Musaelyan-Blackmon is developing Exploro — an online platform that will help academic researchers recruit participants for their studies. Recruiting an adequate number of participants, she says, is a crucial aspect of research, which advances scientific discovery or improves health care.

She has been on both sides of this process, she says, as a researcher and as a study participant, and it is currently confusing and tedious for both parties. Researchers, for example, have to do mostly manual marketing of the study by distributing posters, putting them up on community bulletin boards and posting on social media or Craigslist. People who want to participate in research don’t always know where to look for such opportunities or have to share personal information to be able to stay in touch with researchers.

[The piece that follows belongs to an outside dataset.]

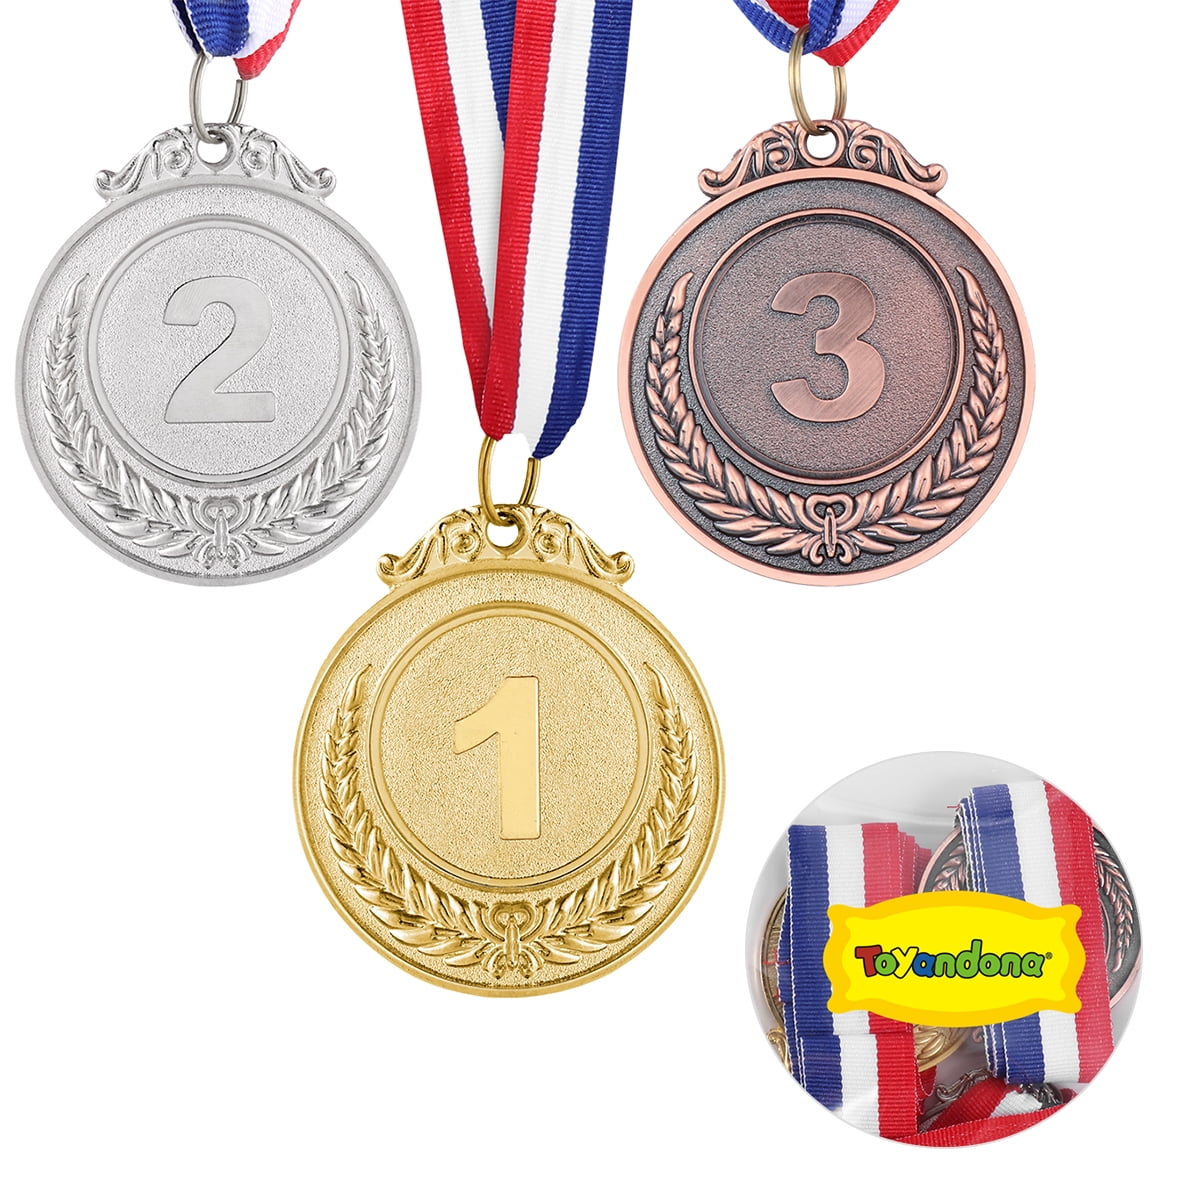 bekræfte flaske kalligraf Gold Silver Bronze Award Medals Olympic Style Winner Award Medals Metal  Medals Prizes with Neck Ribbon for Competitions Party Olympic - Walmart.com
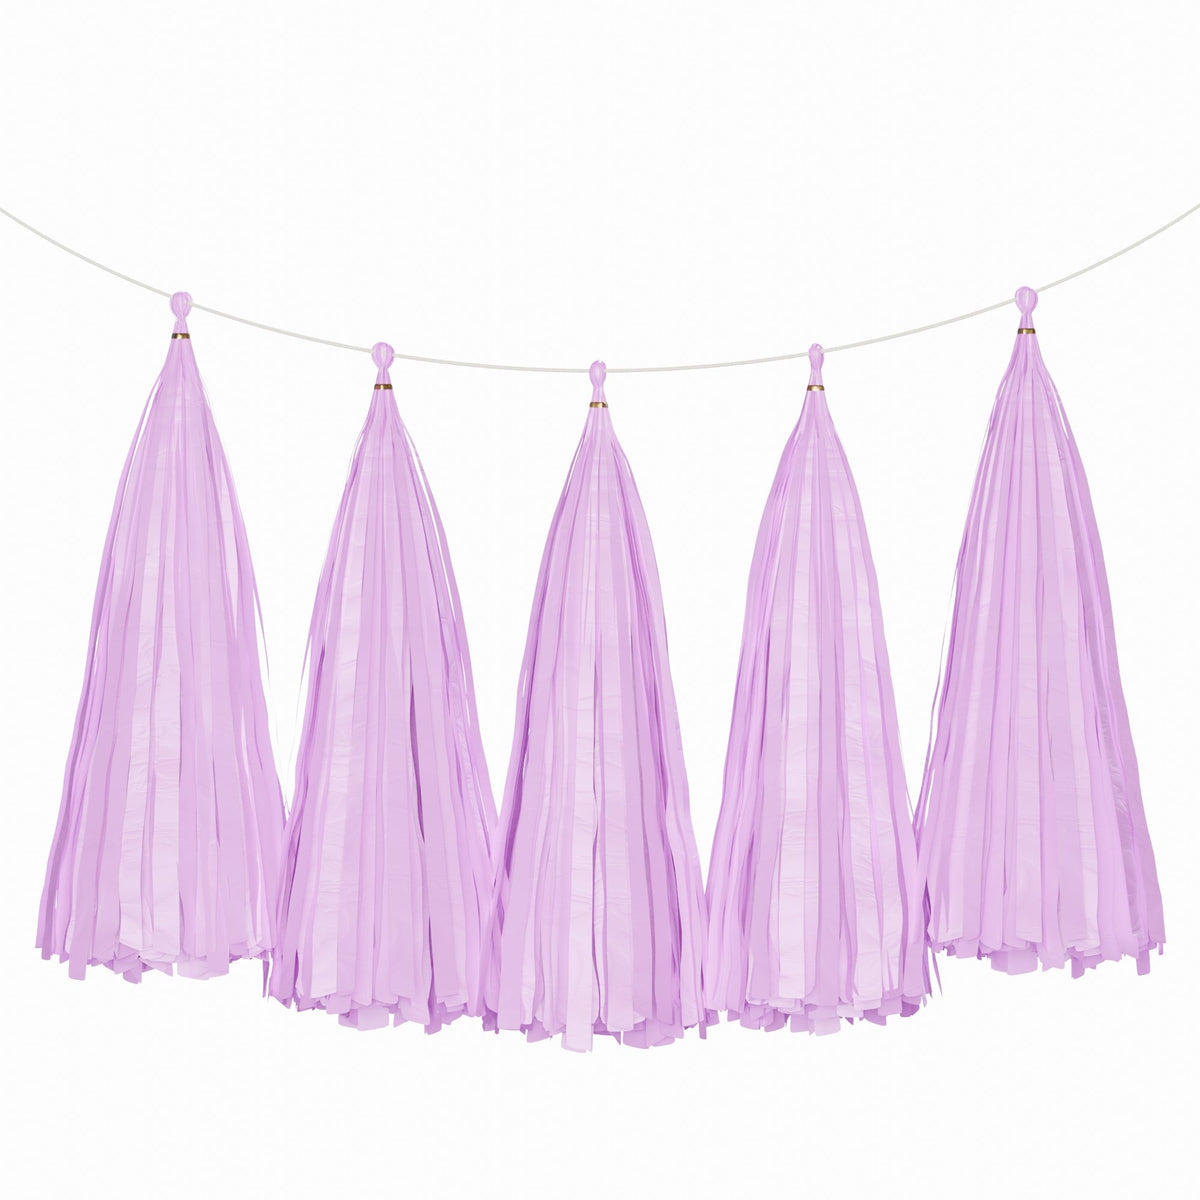 Weifang Mayshine Imp&exp co Decorations Lilac Tassel Garland, 5 Count 810064197109

Head shot of Alexis Musaelyan-Blackmon.
Alexis Musaelyan-Blackmon, a third-year data science and biology student at Northeastern, says recruiting an adequate number of participants is a crucial aspect of research, which advances scientific discovery or improves health care. Photo by Alyssa Stone/Northeastern University

“This whole process could be streamlined if there was a centralized platform to post all these studies so that researchers can easily connect with people that are applicable for their studies based on their demographics,” Musaelyan-Blackmon says. “And people that want to participate in research can easily find studies that they are eligible for.” 

Clients will be able to use Exploro first via a website, Musaelyan-Blackmon says, and later through a mobile app. The platform will allow researchers to post ads about their studies; potential participants will be able to review details of studies, find the one they are interested in, apply, go through a screening process, sign consent forms, register for the study, conduct all communication with researchers and leave post-study feedback. Researchers may also choose to share the results of the study with the participants or offer some insights.

Exploro doesn’t really have adequate competitors, Musaelyan-Blackmon says, as currently available solutions are either just marketing platforms or solely focused on clinical studies. Exploro will mostly focus on academic research.

Musaelyan-Blackmon says that she would really like to integrate a machine learning component into Exploro in the future. This way the algorithm would analyze participants’ profiles and previous studies they have participated in and provide the best match for a study, improving the success rate of the recruitment. Another feature could be an analytics tool for researchers so they can see how many views their study is getting.